Demasiado tarde para que la familia socialista vuelva a aparecer unida. Demasiado tarde para escuchar en palabras de un líder socialista lo que los ciudadanos llevamos pensando y diciendo años. Fue ayer en el acto de presentación de su candidatura a las próximas Elecciones Europeas y estaban todos, incluso el siempre díscolo y malicioso Alfonso Guerra que debió moverse, porque no sale en la foto. 

Curiosamente, lo más aplaudido y, por ende, lo más repetido en los telediarios y las radios fueron las sabias palabras del cabeza de lista de los socialistas europeos, el alemán Martin Schulz, que no dudó en decir eso que muchos, demasiados para que no nos hayan hecho caso, llevamos diciendo en voz alta hace ya mucho tiempo,  demasiado para que no hayan caído en la cuenta hasta ahora. Lo que dijo, lo que hizo Schulz, fue levantar ante los ojos de políticos que llevan demasiado tiempo instalados en el poder el dilema que supone encontrar la causa del desastroso panorama del socialismo en Europa y, especialmente en España, averiguar quién ha abandonado a quién los votantes a los socialistas o los socialistas a los votantes.

Creo que, si es, si quienes compartieron con el ayer la tribuna son, un poco listos habrán sabido leer la dura respuesta que ayer mismo dieron los electores franceses a la política de austeridad y tente tieso puesta ahora en práctica por François Hollande, tan lejana de las promesas electorales que le llevaron en su día al Palacio del Elíseo. Y es que la abstención alcanzó en Francia cifras históricas y a nadie se le escapa ya que quienes se quedaron en casa fueron, fundamentalmente, potenciales votantes socialistas, especialmente los jóvenes, tan castigados por la crisis en el terreno laboral y en las aulas.

El PSOE lleva demasiado tiempo alejado de sus ideales fundacionales, los que buscamos en él quienes hasta ahora les votábamos. Lleva demasiado tiempo haciendo políticas "de Estado", mirando siempre hacia arriba, nunca hacia abajo y, claro, los de abajo se han olvidado de ellos porque, antes, ellos se olvidaron de los de abajo, quedándose en sus casas, volviendo la espalda a quienes antes se la volvieron a ellos o engañándose al pensar que, para aplicar las políticas de derechas, mejor la derecha.
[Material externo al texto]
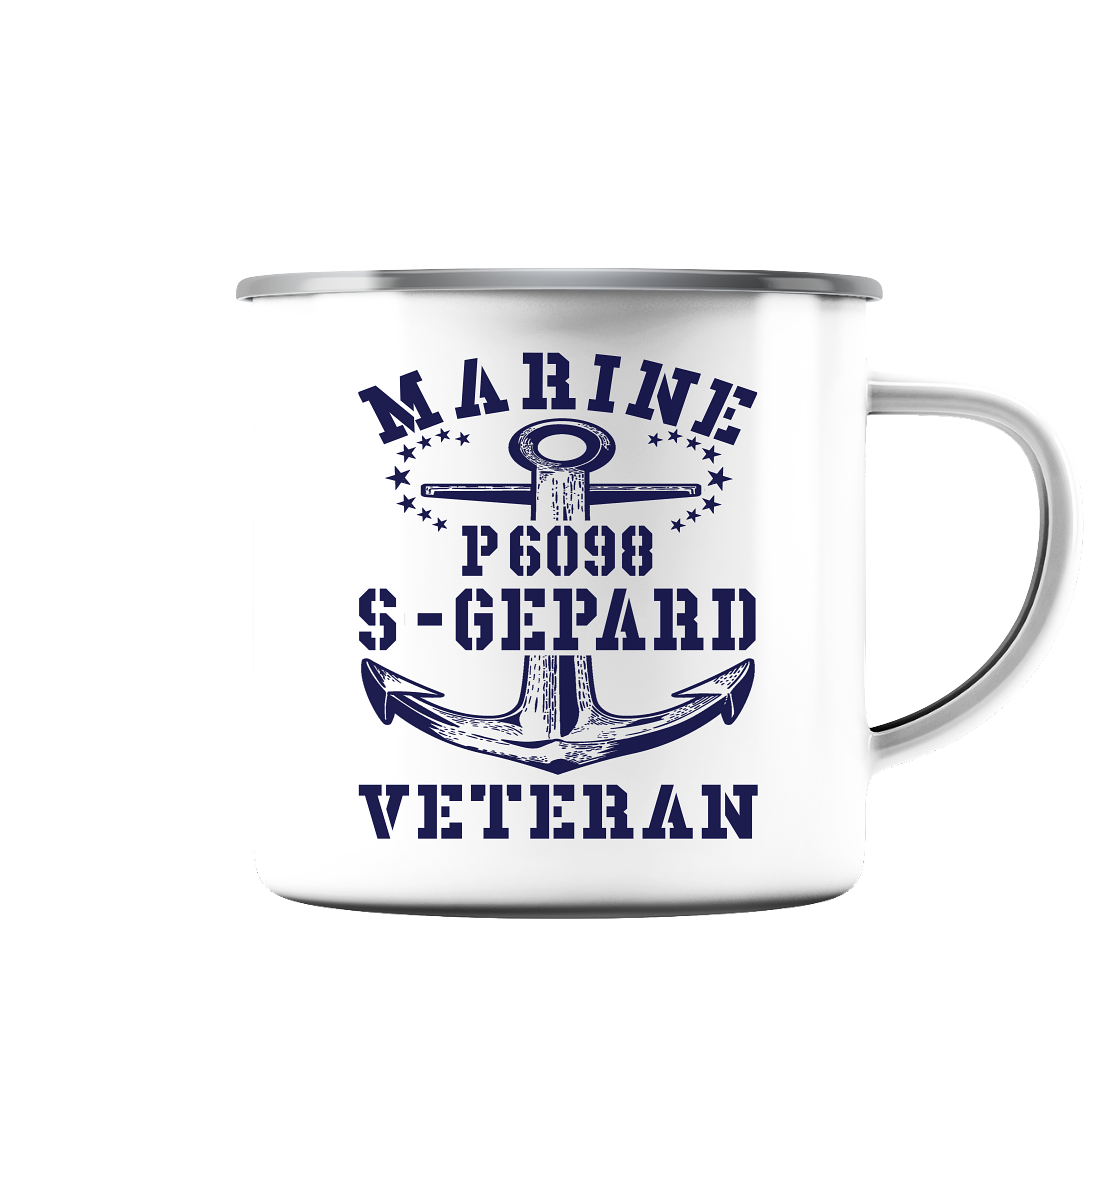 P6098 S-GEPARD Marine Veteran - Emaille Tasse (Silber)

Ahora, cuando apenas quedan semanas para la primera cita en la urnas desde que conservar Andalucía les dio un respiro, los socialistas españoles -no sé los catalanes tan enredados en lo suyo, que no es poco- cierran filas en torno a Elena Valenciano y echan el resto para hacer de un hipotético y más que difícil triunfo en ellas el saliente en la pared en que apoyarse para salir del pozo en el que ha caído.
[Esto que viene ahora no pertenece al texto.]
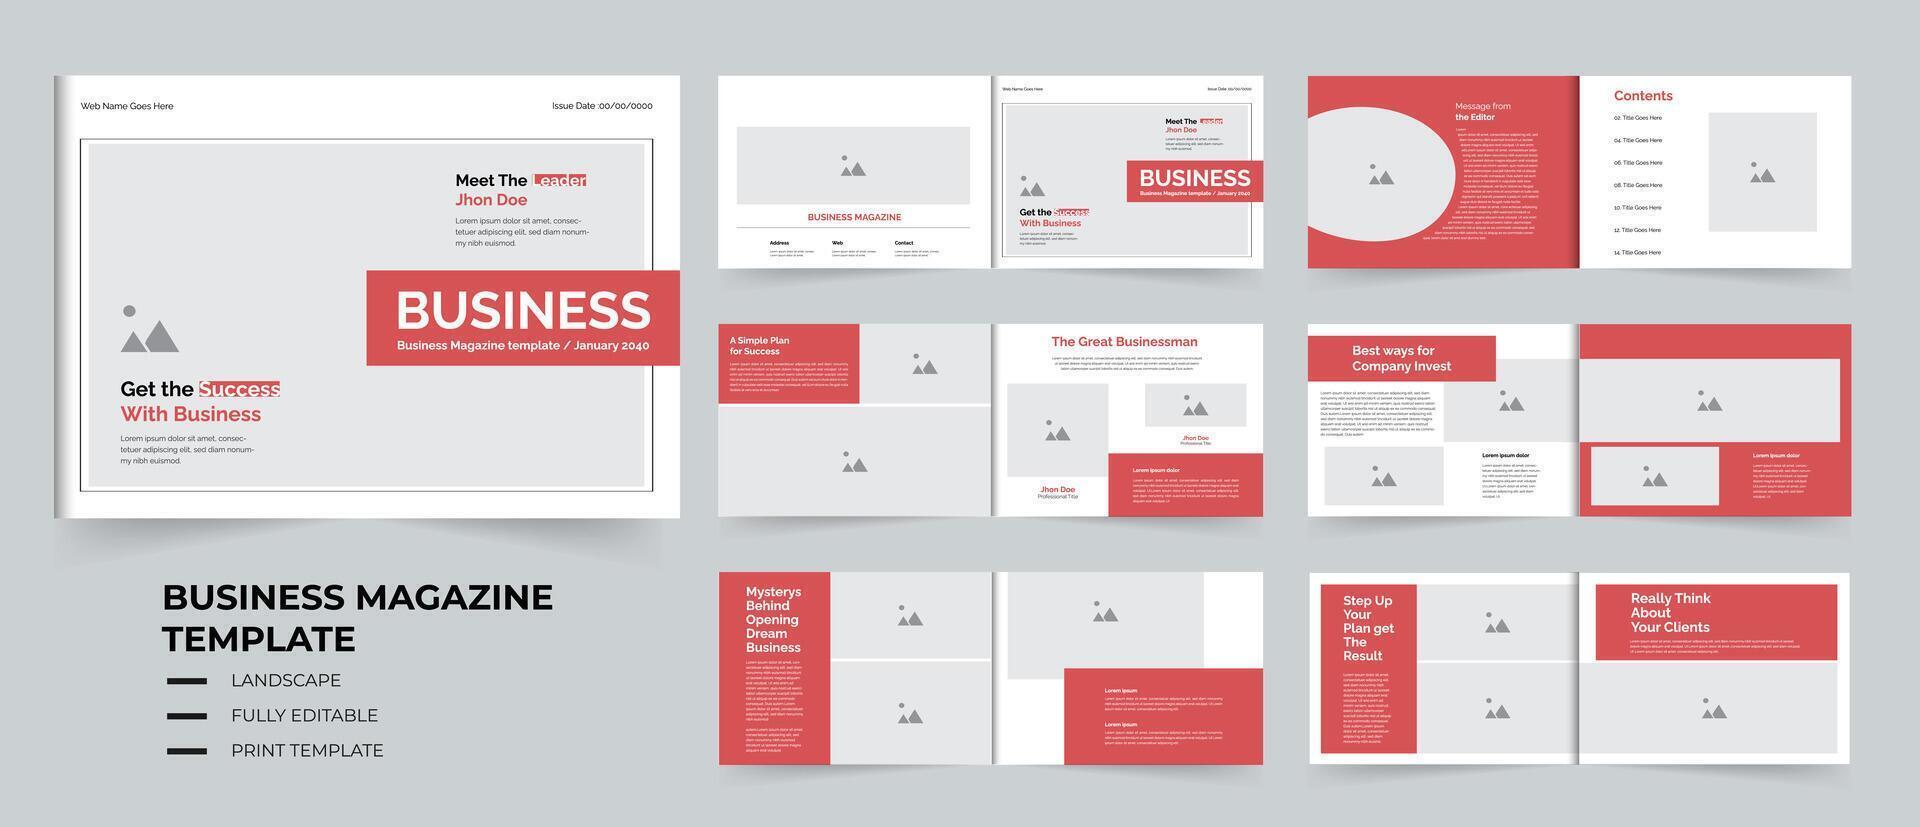 Business Magazine template design A4 Landscape 12 Pages layout vector

Lo que ocurre es que dudo que alcancen ese triunfo y, lo que es peor, dudo que, si lo consiguen, abandonen sus vicios, esos que les alejaron tanto de la gente de los barrios, las fábricas y las aulas. De momento, ayer, a las puertas del mitin, un grupo de familiares de las víctimas de la tragedia de Angrois, el accidente de la falsa y electoralista Alta Velocidad  a Galicia, protestaron por la inclusión de José Blanco, responsable de incluir esa curva en el trazado, en la lista socialista al Parlamento Europeo. Un gesto solidario de la ejecutiva para con su compañero en apuros que a mí, por ejemplo, me aleja de su opción.

Es demasiado tarde ya para recuperar la confianza de los ciudadanos, pero peor aún que la tardanza es esa estrategia enfermiza de poner siempre a salvo a la "buena estirpe", a los "pata negra" del partido, que ponen en duda cualquier intento, más allá del que sabemos interesado, de recuperar a su electorado.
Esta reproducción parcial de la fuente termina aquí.